Crews assessing the fire’s effects in the Tathra area found at least 69 homes destroyed and dozens more damaged, he said.
Work crews were trying to get affected services like water, sewage and telecommunications up and running again, Mr. Fitzsimmons said.
“The worst of the weather is behind us, but clearly the devastation, damage and destruction is what everyone’s seeking to grapple with now,” he said.
While conditions had eased since Sunday, 63 firefighters and three firefighting planes were still in the field trying to manage the blaze, Greg Allan, a spokesman for the Rural Fire Service, said Monday morning. At the height of the fire, at least 150 firefighters were involved in the effort. Asbestos exposure was a concern, he said.

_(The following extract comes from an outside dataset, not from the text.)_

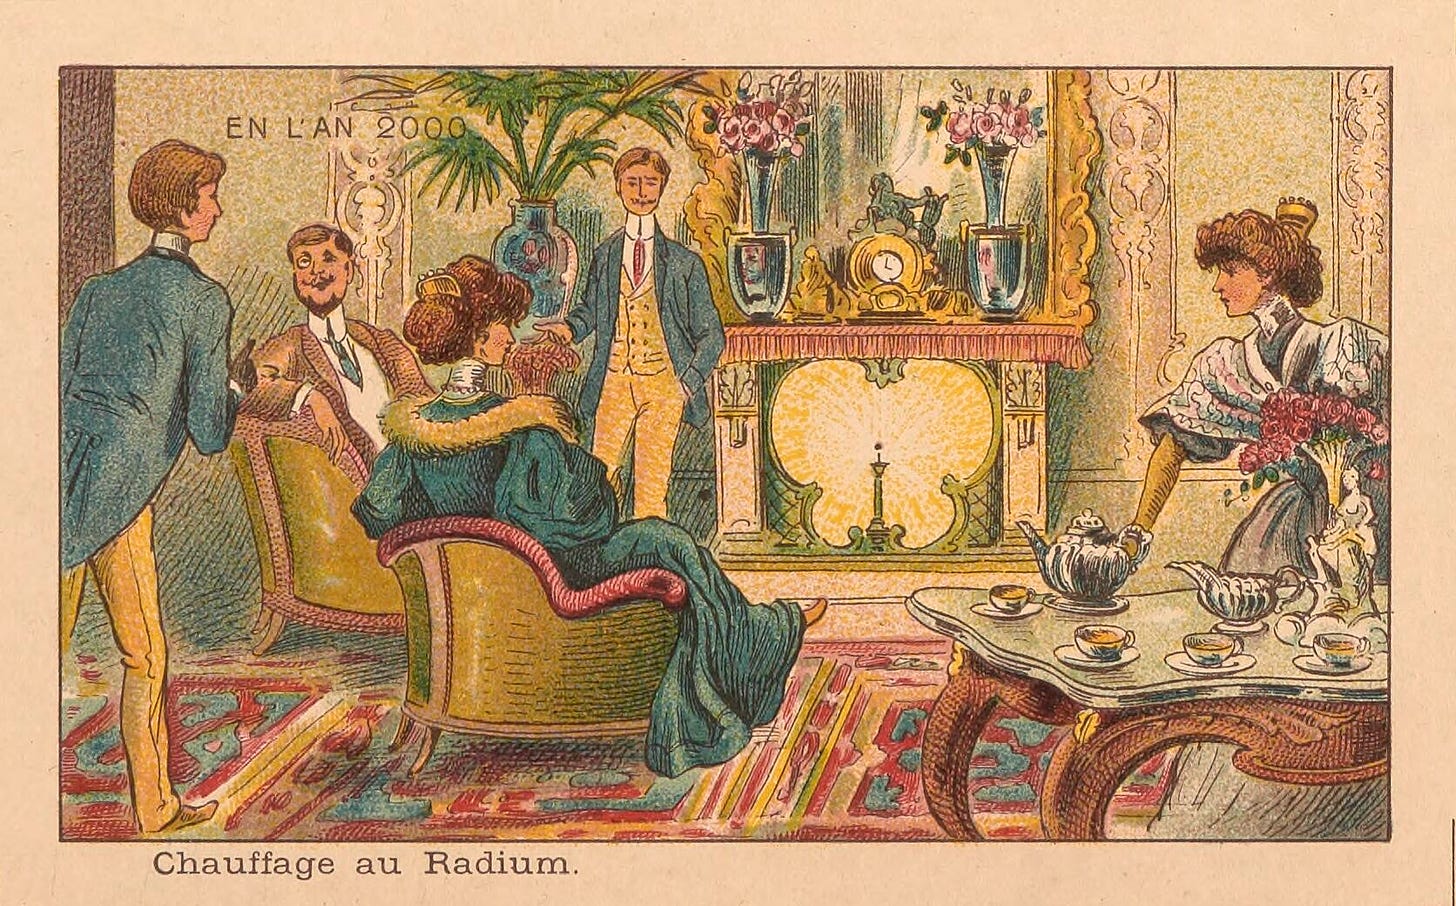 Five people having tea in what appears to be a turn-of-the century French salon around a fireplace illuminated by a piece of glowing metal. The postcard says "En l'an 2000" and has the caption, "Chauffage au Radium."

“The firefighters will be using the better conditions today to have the fire contained as soon as possible,” Mr. Allan said.

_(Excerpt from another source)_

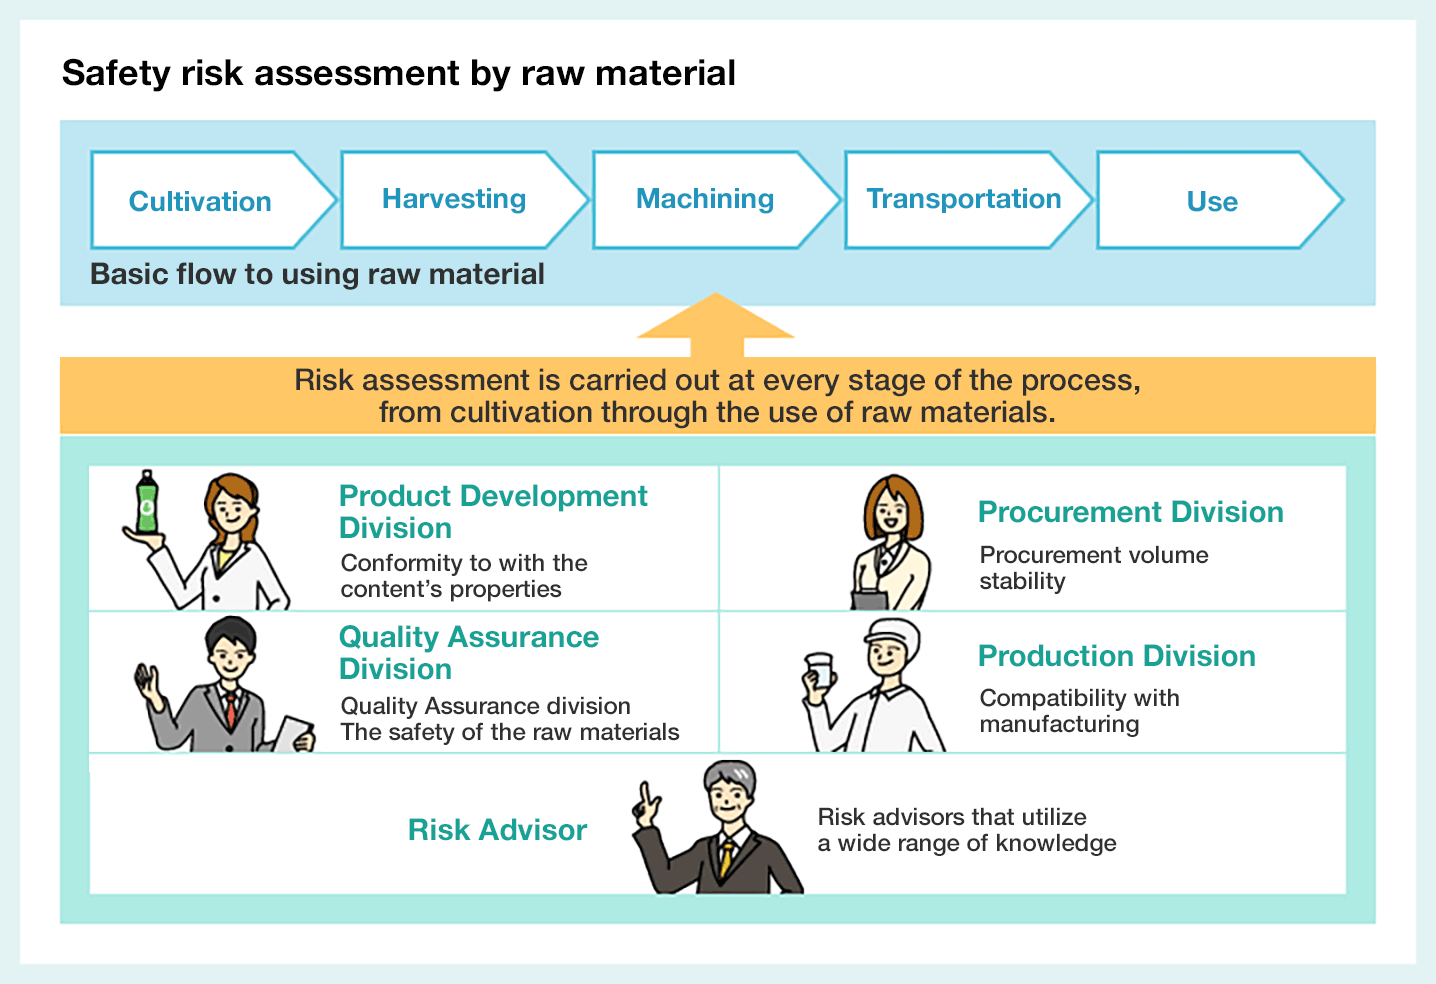 Diagram of safety risk assessment by raw material

Residents in areas deemed safe were being allowed to return to their homes on Monday. Earlier in the day, at an evacuation center in Bega, more than 500 people had been anxiously waiting for updates.
Speaking there, Kristy McBain, mayor of the Bega Valley Shire Council, commended fire and police crews, saying, “The evacuation was coordinated the best it could have been.”
She said tightknit Tathra and Bega had already received hundreds of messages of support from people in surrounding communities offering help.
“I’m sure that we’ll come through this fine,” Ms. McBain said. “We’re a very resilient community.”
Still, for some of those affected, the damage seemed brutal.
“It was all gone within half an hour,” John Blankenstein told The Sydney Morning Herald as he looked at the scorched remains of his wife’s childhood home.
Other fires also raged in rural Victoria on Sunday, causing damage to at least 18 homes and 40 sheds and killing livestock in one of the season’s worst blazes.